14. A process for improving the wettability of multifilament carbon fibers by molten metal by coating the fiber with an oxide comprising the steps of:
(a) heating the fibers to a predetermined temperature to pyrolyze and vaporize the sizing;
(b) immersing the fibers in a ultrasonic bath at a predetermined temperature containing an organic solvent solution having chlorides and alkoxides therein;
(c) flowing steam by the fibers to hydrolyze the alkoxides to form an oxide on the surface of the fiber to a predetermined thickness; and
(d) drying the fibers at a predetermined temperature in an inert atmosphere for vaporizing excess water and the organic solvent, and for pyrolyzing any unhydrolyzed compounds into the oxide.

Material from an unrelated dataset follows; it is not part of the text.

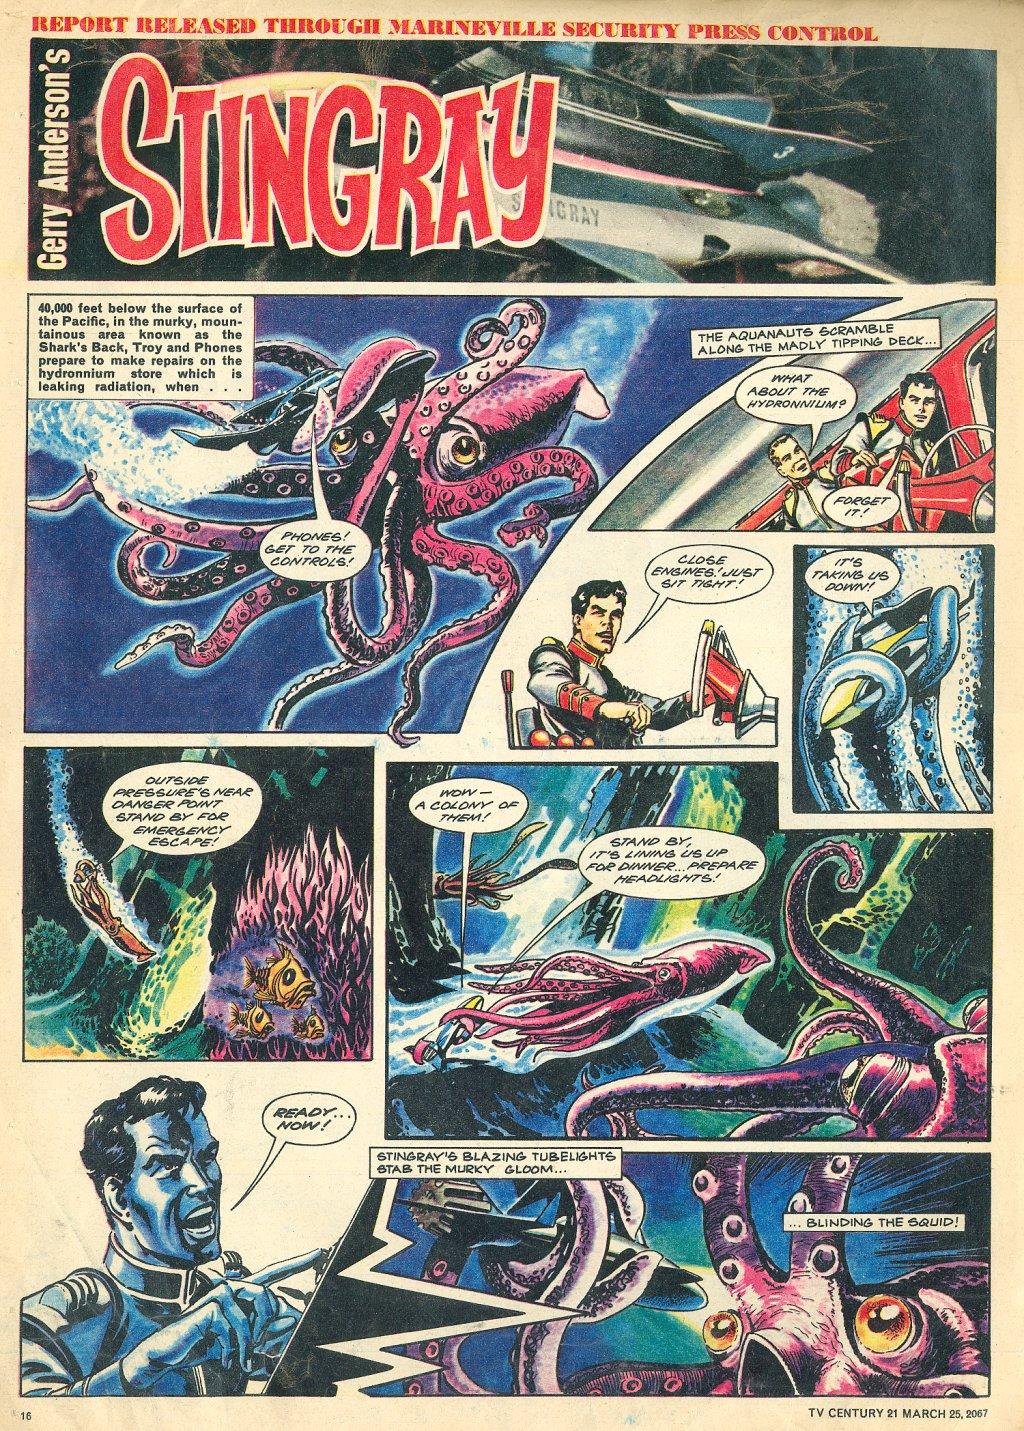 Read online TV Century 21 (TV 21) comic -  Issue #114 - 15

15. A process for improving the wettability of multifilament carbon fibers by molten metal by coating the fibers with an oxide comprising the steps of:
(a) vaporizing off sizing on the fiber by heating it to a predetermined temperature;
(b) immersing the fibers in an ultrasonic bath at a predetermined temperature containing an organic solvent solution having chlorides and alkoxides therein;
(c) flowing steam by the fibers to hydrolyze the chlorides and alkoxides to an oxide on the surface of the fiber to a predetermined thickness; and
(d) drying the fibers at a predetermined temperature in an inert atmosphere for vaporizing excess water and the organic solvent, and for pyrolyzing any unhydrolyzed compounds into the oxide.
16. The process as defined in claim 15 wherein the predetermined temperature in the vaporizing step, is within the range of approximately three hundred fifty to four hundred fifty degrees centigrade.
17. The process as defined in claim 15 wherein the organic solvent in the immersing step is toluene.
18. The process as defined in claim 15 wherein the chloride in the organic solvent solution of the immersing step comprises silicon tetrachloride.
19. The process as defined in claim 15 wherein the alkoxide in the organic solvent solution in the immersing step comprises tetraethoxy silane.
20. The process as defined in claim 15 wherein the predetermined temperature in the immersing step is within the range of approximately twenty to one hundred degrees centigrade.
21. The process as defined in claim 15 wherein the oxide in the flowing steam step has a predetermined thickness that is within the range of approximately seven hundred to fifteen hundred angstroms.
22. The process as defined in claim 15 wherein the oxide in the flowing steam step comprises silicon-dioxide.
23. The process as defined in claim 15 wherein the predetermined temperature of the drying step is within the range of approximately three hundred to seven hundred fifty degrees centigrade.
24. The process as defined in claim 15 wherein the inert atmosphere of the drying step is substantially argon.
25. The process as defined in claim 15 wherein the compounds in the drying step are substantially silicon compounds.